Calling it an “eyewash”, the three federations, however, have refused to attend the meeting and demanded that it be deferred to a more suitable time when lockdown restrictions, especially those relating to movement, are eased.
“With each state currently having a different set of quarantine norms, how is it possible for all the representatives to travel to New Delhi for the meeting?” asked Srikumar, mentioning that the matter is “too important” to be discussed through video conferencing.
“The matter is related to the future of ordnance factories that have a history of more than 200 years – it must not be taken lightly by the ministry,” he said.

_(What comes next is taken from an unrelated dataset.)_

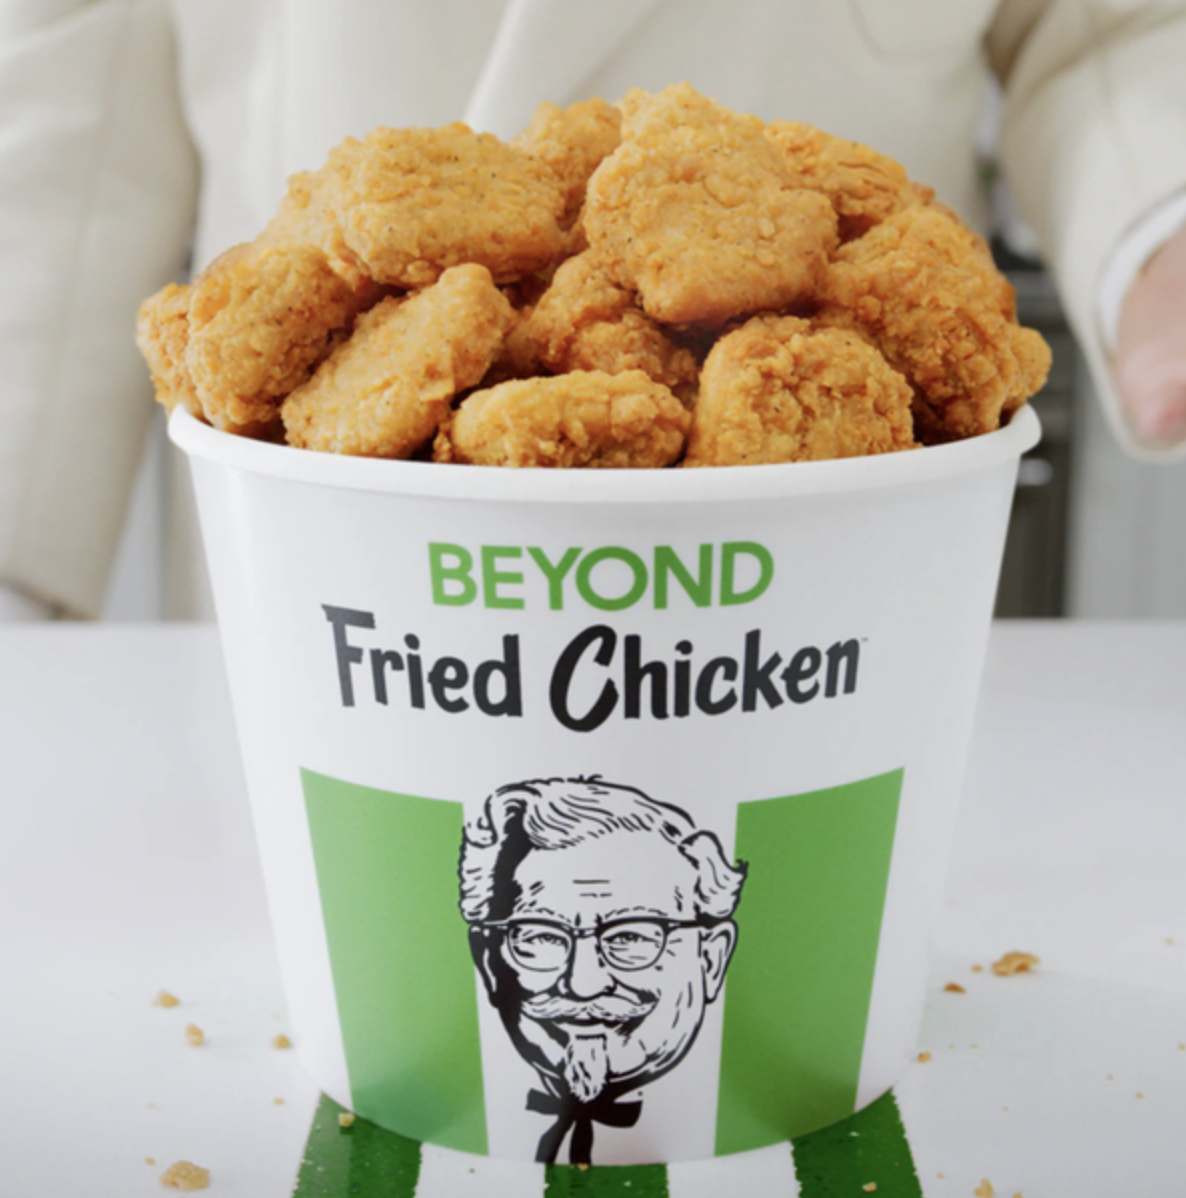 SanDiegoVille: Where To Find KFC’s Beyond Fried Chicken In San Diego

Singh, a representative of the BPMS to the HLOC, agreed. “Meetings that are in person cannot be compromised with in such matters. Since travelling will be tough for all the participants given the current situation, it has been demanded that talks are scheduled only after June 24,” he said.

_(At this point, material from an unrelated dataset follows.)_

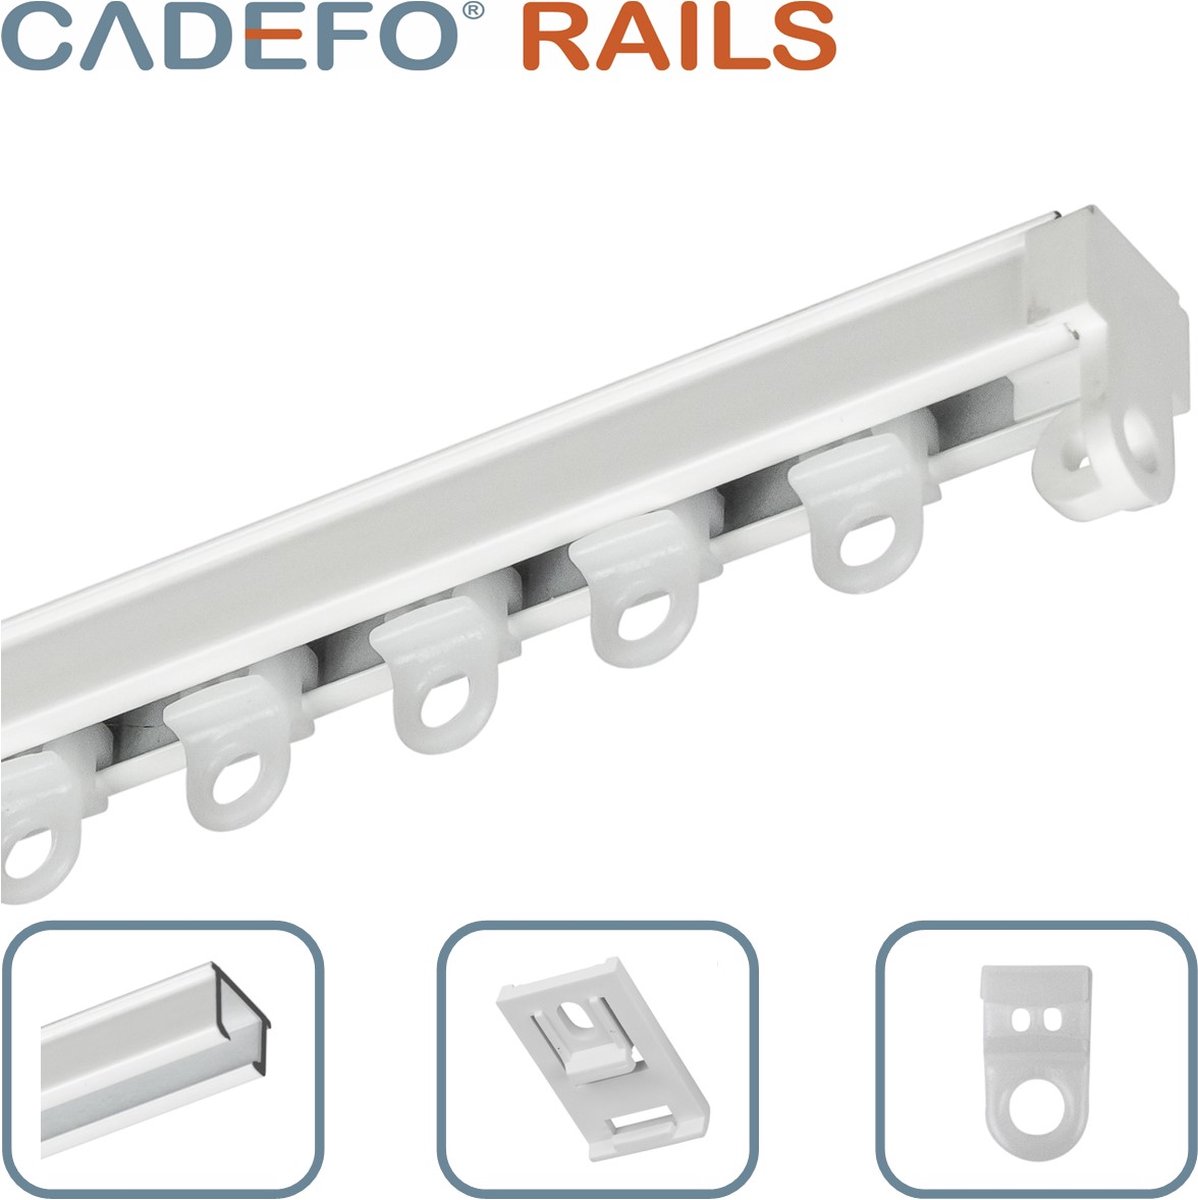 CADEFO RAILS (551 - 600 cm) Gordijnrails - Compleet op maat! - UIT 1 STUK - Leverbaar tot 6 meter - Plafondbevestiging - Lengte 592 cm

Unions have also alleged that a “divide and rule” policy is under play with regard to the scheduled HLOC meeting, further raising their concerns over engaging in talks with the centre.
“The service level association [CDRA] is being called on a separate date and even the defence federations are being asked to engage in talks in different meetings,” Singh told NewsClick. According to him, this is a break from tradition that was followed earlier when HLOC meetings were last called for in October 2019.
Srikumar added that the “hasty manner in which this (June) meeting is being organised speaks about the intentions of the Centre. The HLOC, which remained debunked since October, has only met twice. This shows how poorly the Modi government is addressing the issues raised by us,” he said.